*PROVIDED INFORMATION*
-- Opening Marker --
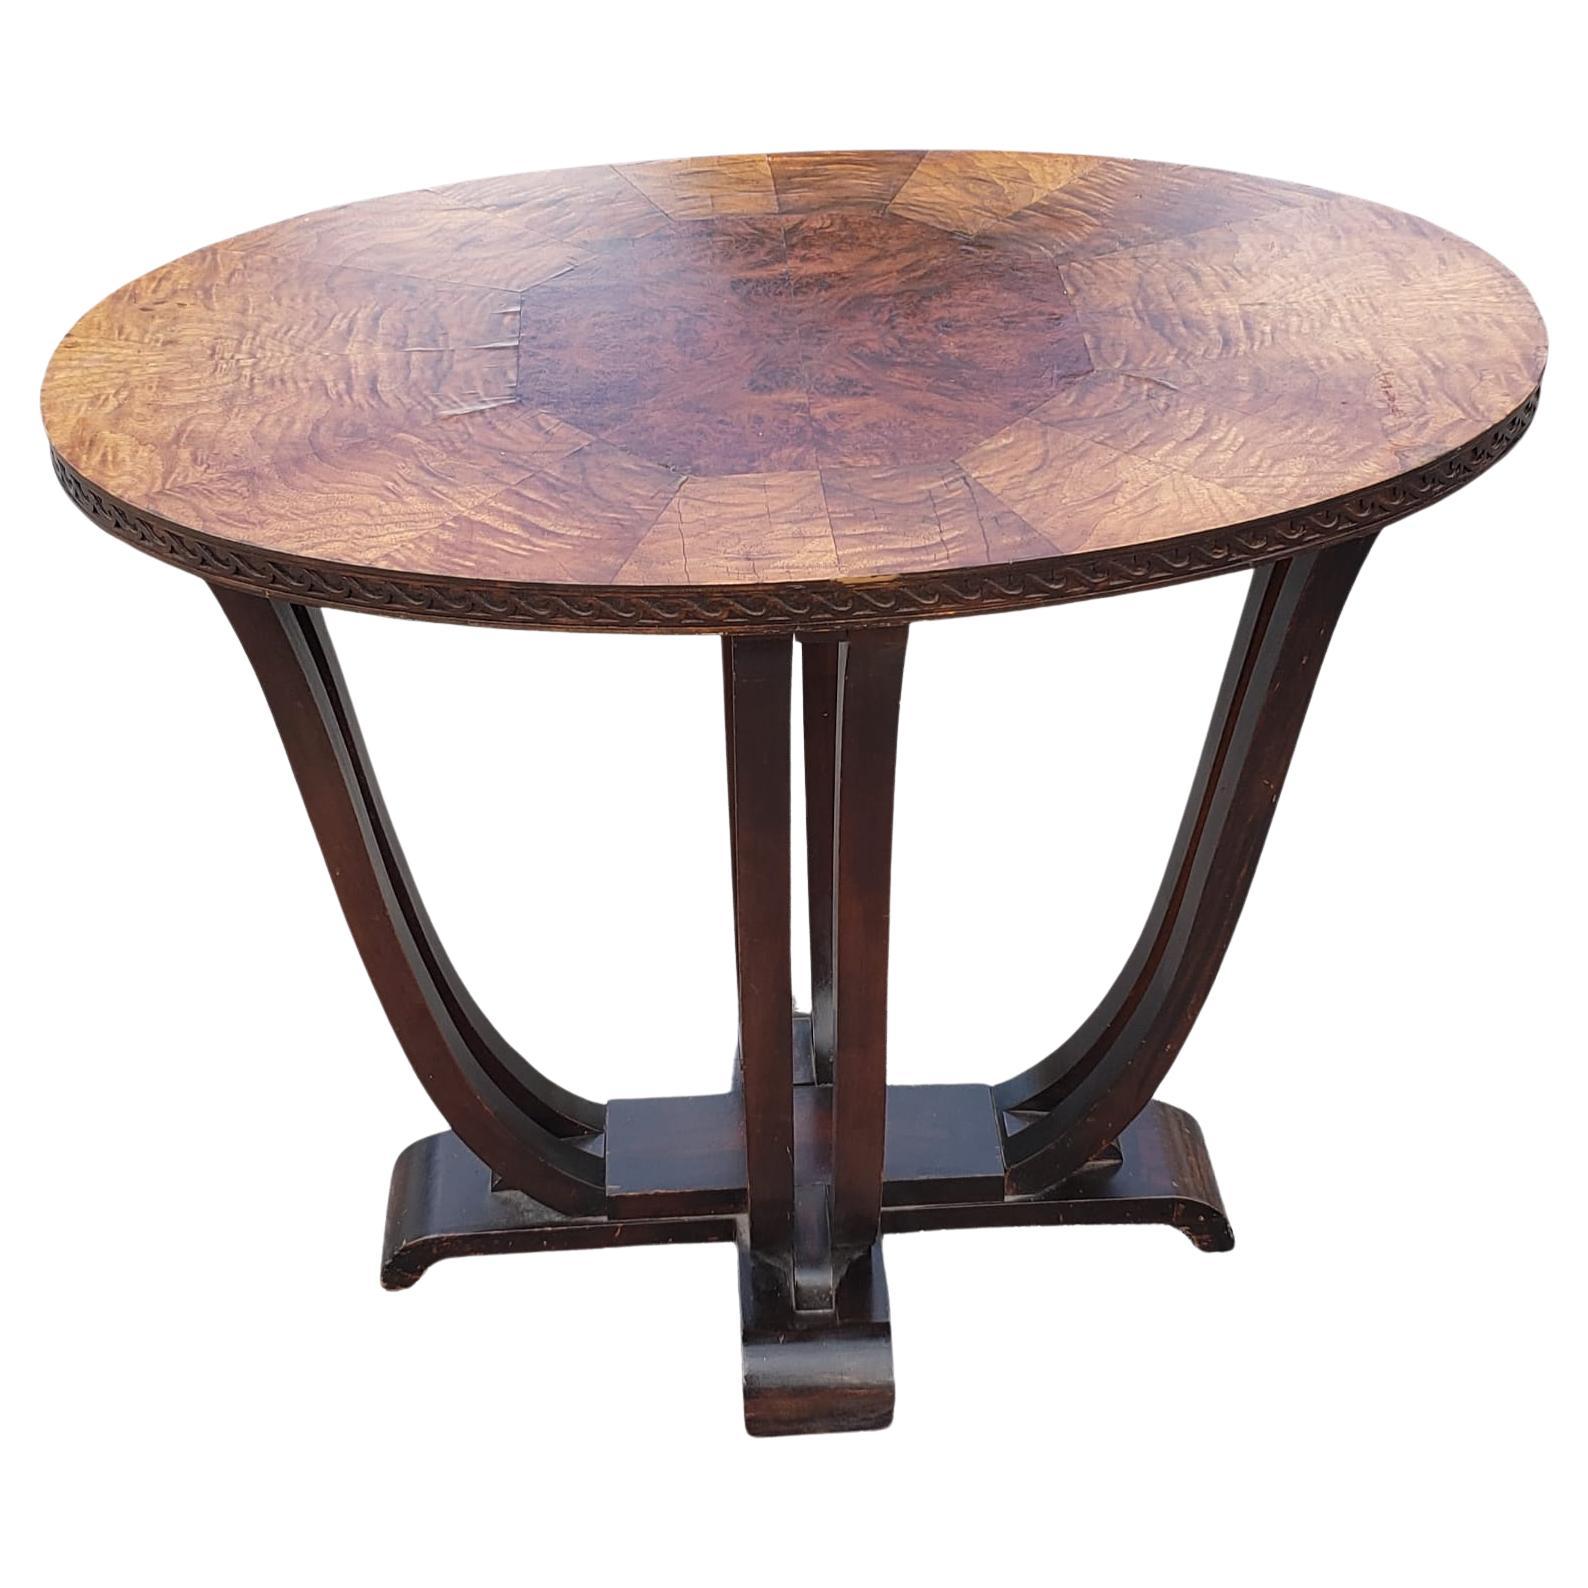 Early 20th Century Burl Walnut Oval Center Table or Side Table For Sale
-- Closing Marker --
-- Opening Marker --
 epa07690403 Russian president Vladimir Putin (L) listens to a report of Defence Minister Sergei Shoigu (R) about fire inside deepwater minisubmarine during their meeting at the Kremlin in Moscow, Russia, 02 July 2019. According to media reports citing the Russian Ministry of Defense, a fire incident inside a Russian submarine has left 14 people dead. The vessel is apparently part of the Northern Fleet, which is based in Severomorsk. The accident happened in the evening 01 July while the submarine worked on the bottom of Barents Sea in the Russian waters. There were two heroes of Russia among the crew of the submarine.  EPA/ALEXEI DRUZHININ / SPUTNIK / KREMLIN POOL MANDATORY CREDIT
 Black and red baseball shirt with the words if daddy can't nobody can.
-- Closing Marker --
*TASK BRIEF*
Beginning with the line containing "epa07690403 Russian president" in the material above, copy every line exactly until you have copied the line containing "Black and red".

*THE COMPLETED TASK*
 epa07690403 Russian president Vladimir Putin (L) listens to a report of Defence Minister Sergei Shoigu (R) about fire inside deepwater minisubmarine during their meeting at the Kremlin in Moscow, Russia, 02 July 2019. According to media reports citing the Russian Ministry of Defense, a fire incident inside a Russian submarine has left 14 people dead. The vessel is apparently part of the Northern Fleet, which is based in Severomorsk. The accident happened in the evening 01 July while the submarine worked on the bottom of Barents Sea in the Russian waters. There were two heroes of Russia among the crew of the submarine.  EPA/ALEXEI DRUZHININ / SPUTNIK / KREMLIN POOL MANDATORY CREDIT
 Black and red baseball shirt with the words if daddy can't nobody can.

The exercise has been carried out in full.